Greta Gerwig’s Barbie blockbuster is not nearly the man-hating screed that some on the right have made it out to be. For the most part, the film is a satirical comedy about how hard it is to be an adult—female or male—in a messy modern world. 

In the film, Margot Robbie’s “Stereotypical Barbie”—who had heretofore lived blissfully in “Barbie Land,” where women do everything, men only “beach,” and every night is girls’ night—is suddenly plagued with thoughts of mortality. Accompanying these unbidden musings are feet that go flat when liberated from stiletto heels, as well as cellulite. Barbie learns that the catalyst for her creeping humanity is that a woman in the Real World (a worker at Mattel, it turns out) has been projecting her dark, anxious thoughts onto the iconic dolls. 

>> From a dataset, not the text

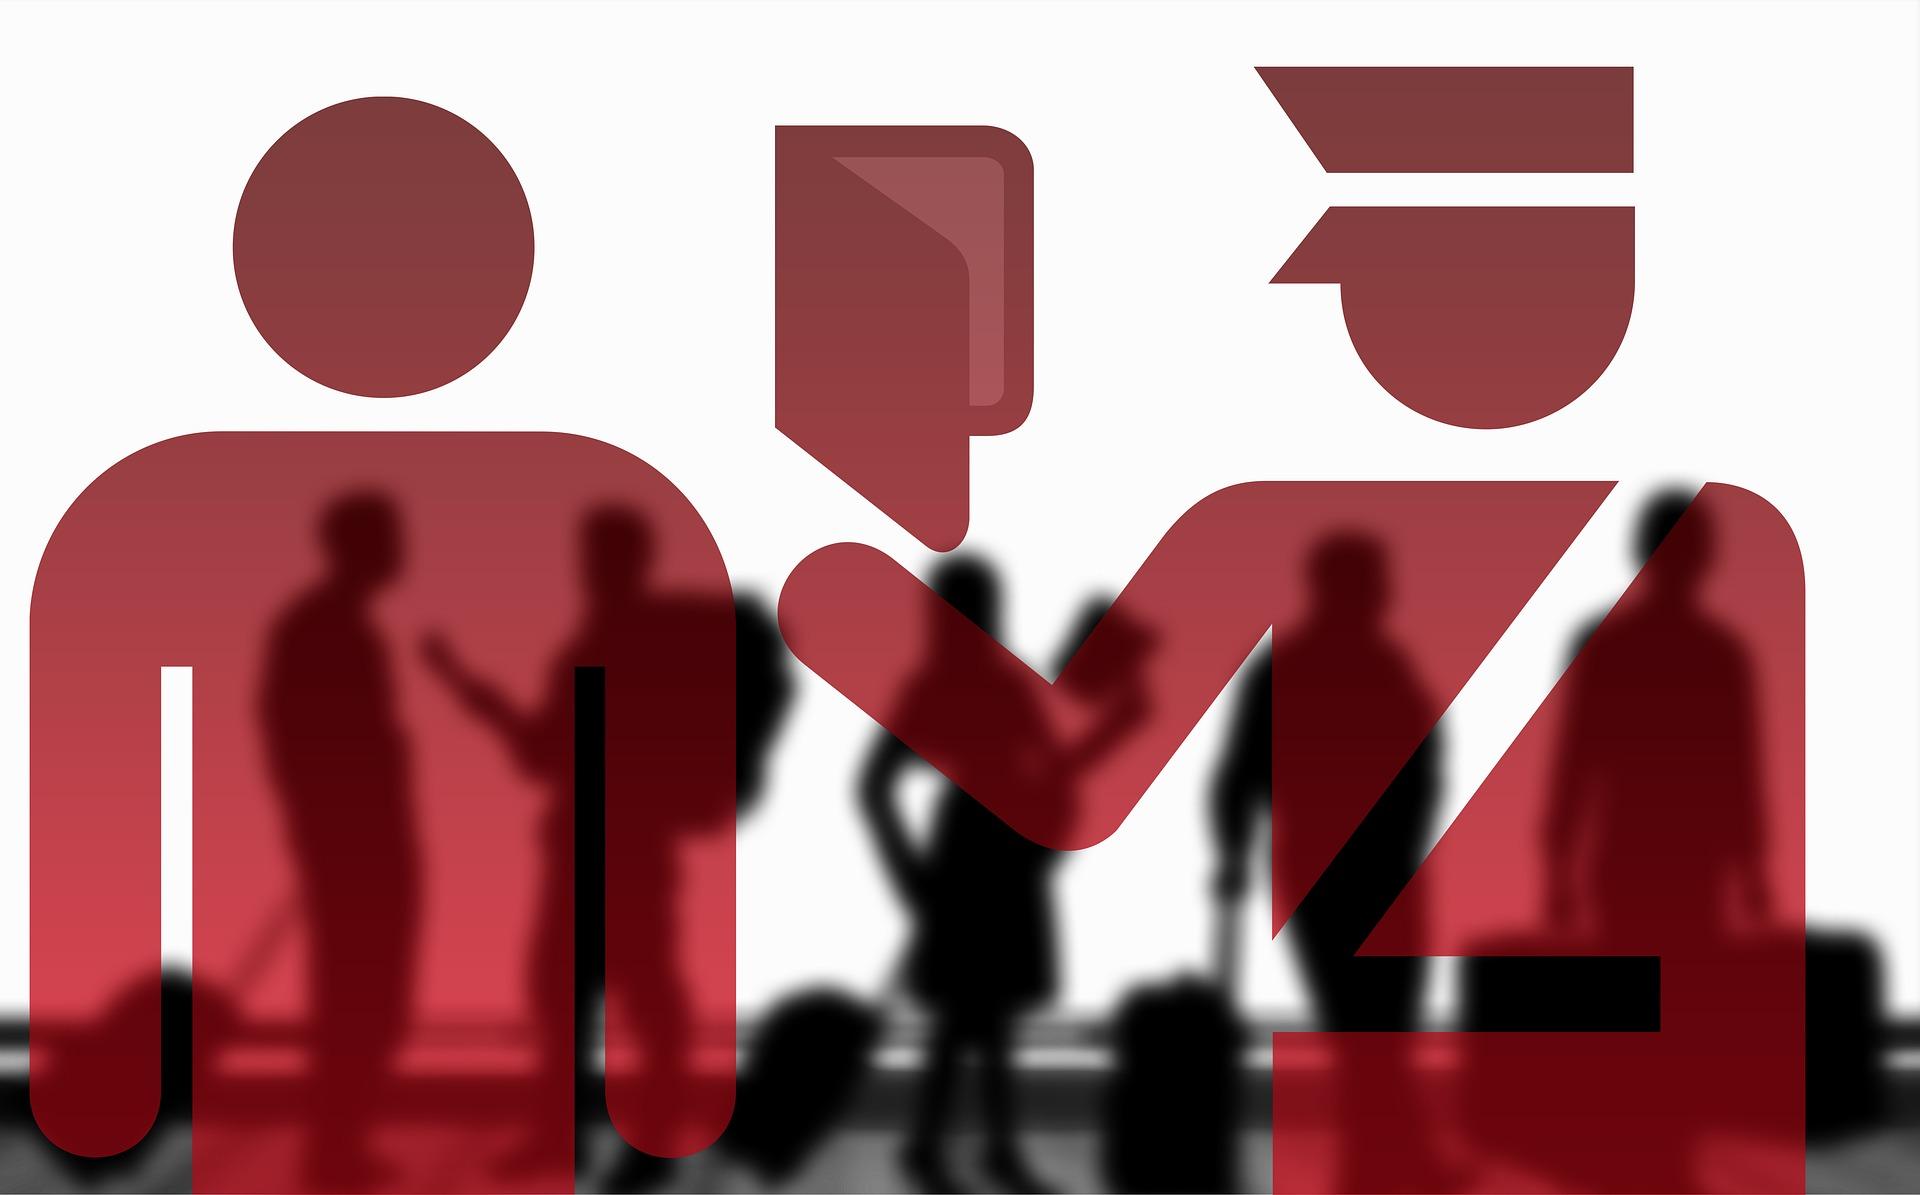 La policía tramita 275 denuncias diarias por incumplimiento de las medidas COVID - La Viña
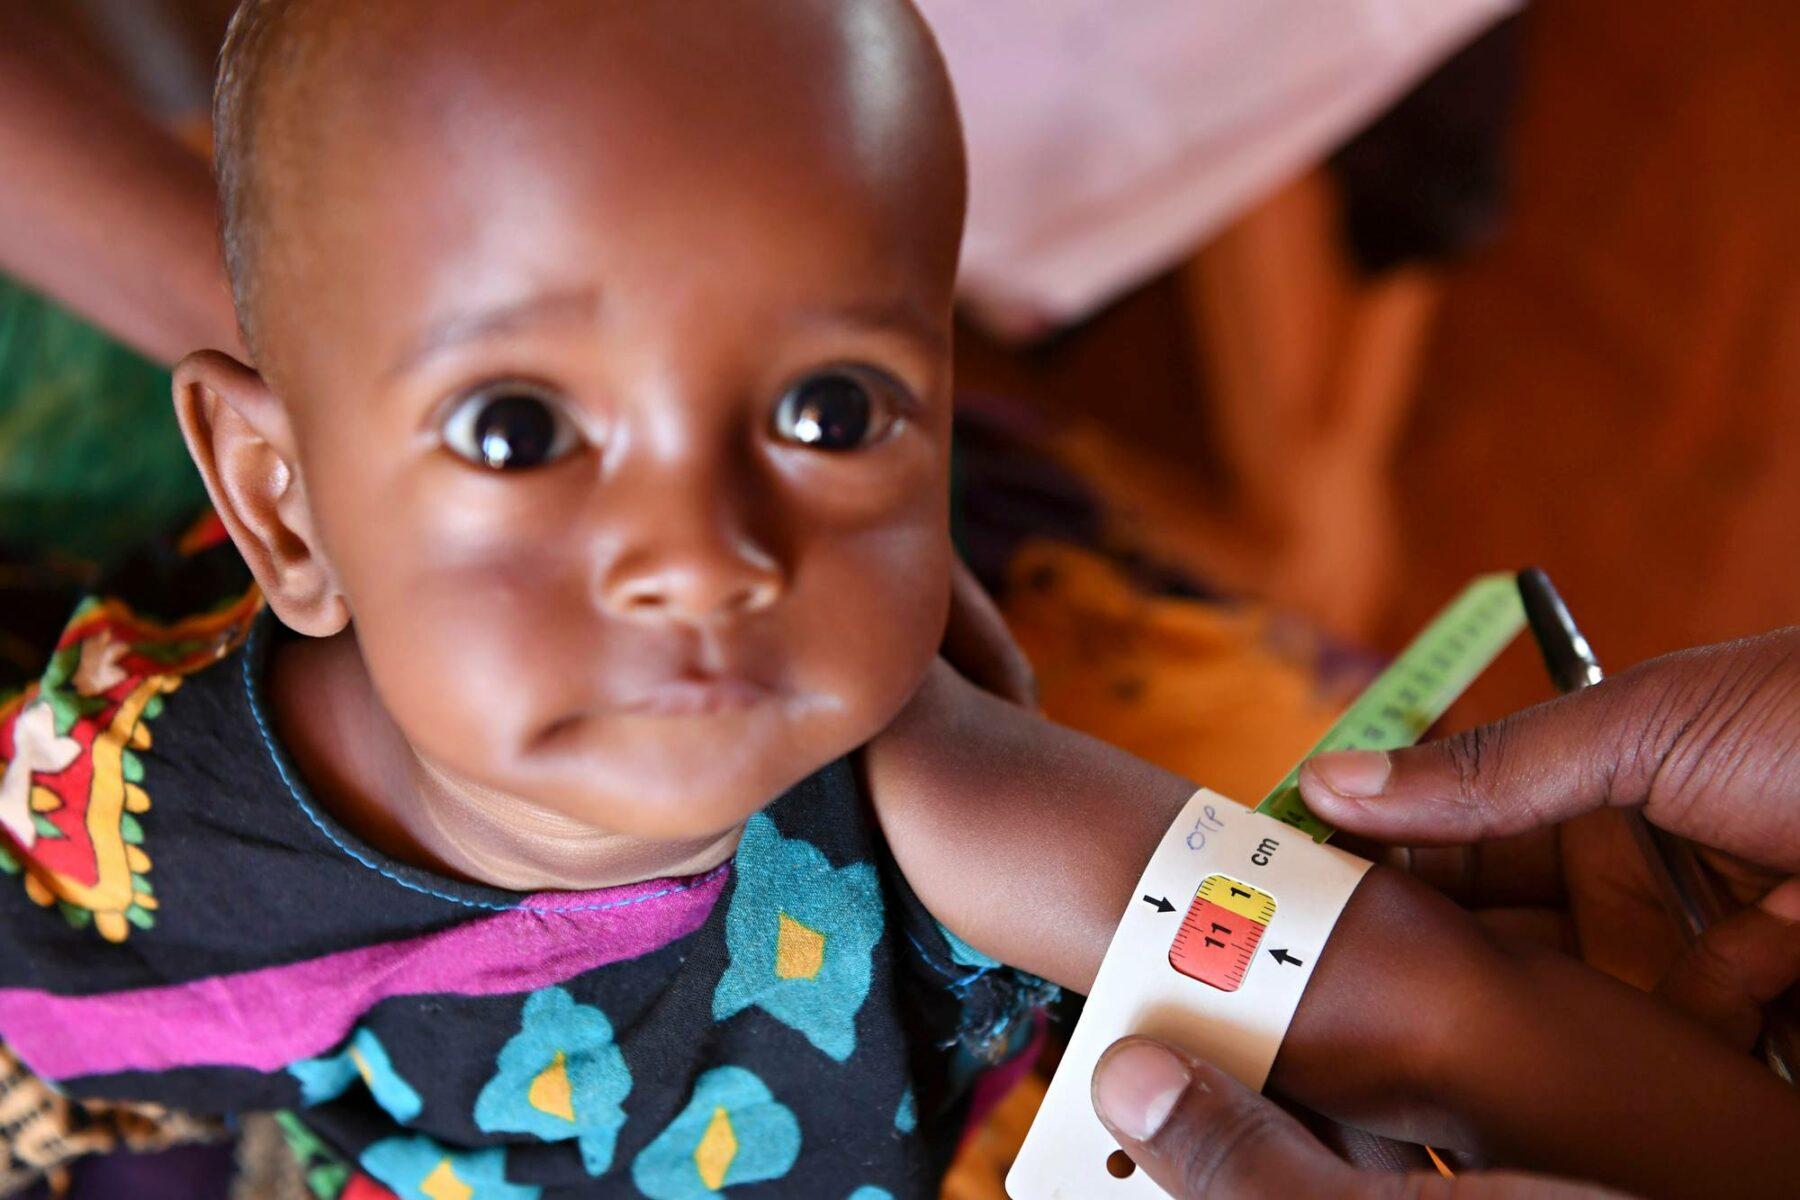 Unicefin työntekijä tutki aliravittua lasta Doolowissa Somaliassa maaliskuussa 2017.

So, Barbie and Ken journey to the Real World to put a stop to the intrusion of human thoughts into Barbie Land. Barbie learns that women in the Real World aren’t free from the limitations of what the film resentfully (and Ken, delightedly, after picking up some books on the subject) deems “the patriarchy.” After returning to Barbie Land and liberating it from Ken’s hostile takeover (but also granting Ken a more central role in his own story going forward), Barbie chooses to leave the plastic (anti)utopia of Barbie Land behind. In a poignant scene that is reminiscent of The Giver, Barbie self-consciously chooses humanity—physical and spiritual, with all its wonder and all its pain. 

Yes, there are cringe-inducing lines—lots of them—that sound ripped from prototypical collegiate women’s studies 101. Yes, those lines cheapen many of the film’s richer points. Yes, Gerwig would do well to gain a passing acquaintance with history and with sex difference: men writ large don’t and never did oppress women; basic biology is to blame for nearly all of women’s (erstwhile!) limitations; and the “toxic masculinity” indulged in a fringe “manosphere” represents not socialization into patriarchy, but a failure of socialization into other-regarding adult manhood. 

All that said, however, Barbie ultimately gives due regard to the existential crises of both Barbie and Ken, each of which is really an allegory for the twin dilemmas of men and women in a modern world that has been stripped of prescribed roles for each sex. In a freer Barbie Land, where he has some newfound autonomy, Ken has to figure out who he is and what he wants for himself—just like, the film heavy-handedly analogizes, women in the Real World after feminism. 

Finally, Barbie concludes on a note of sex essentialism so correctly conservative that I wonder at Gerwig’s audacity—or was it her Freudian slip?—in this moment of trendy but incoherent “gender fluidity.” 

When Barbie chooses embodiment, her first stop in the Real World is the gynecologist’s office. So, in the non-fantasy world, an adult female body—not pink cars or pretty dresses or flowing hair—is what makes someone a woman. Amen to that, Barbie.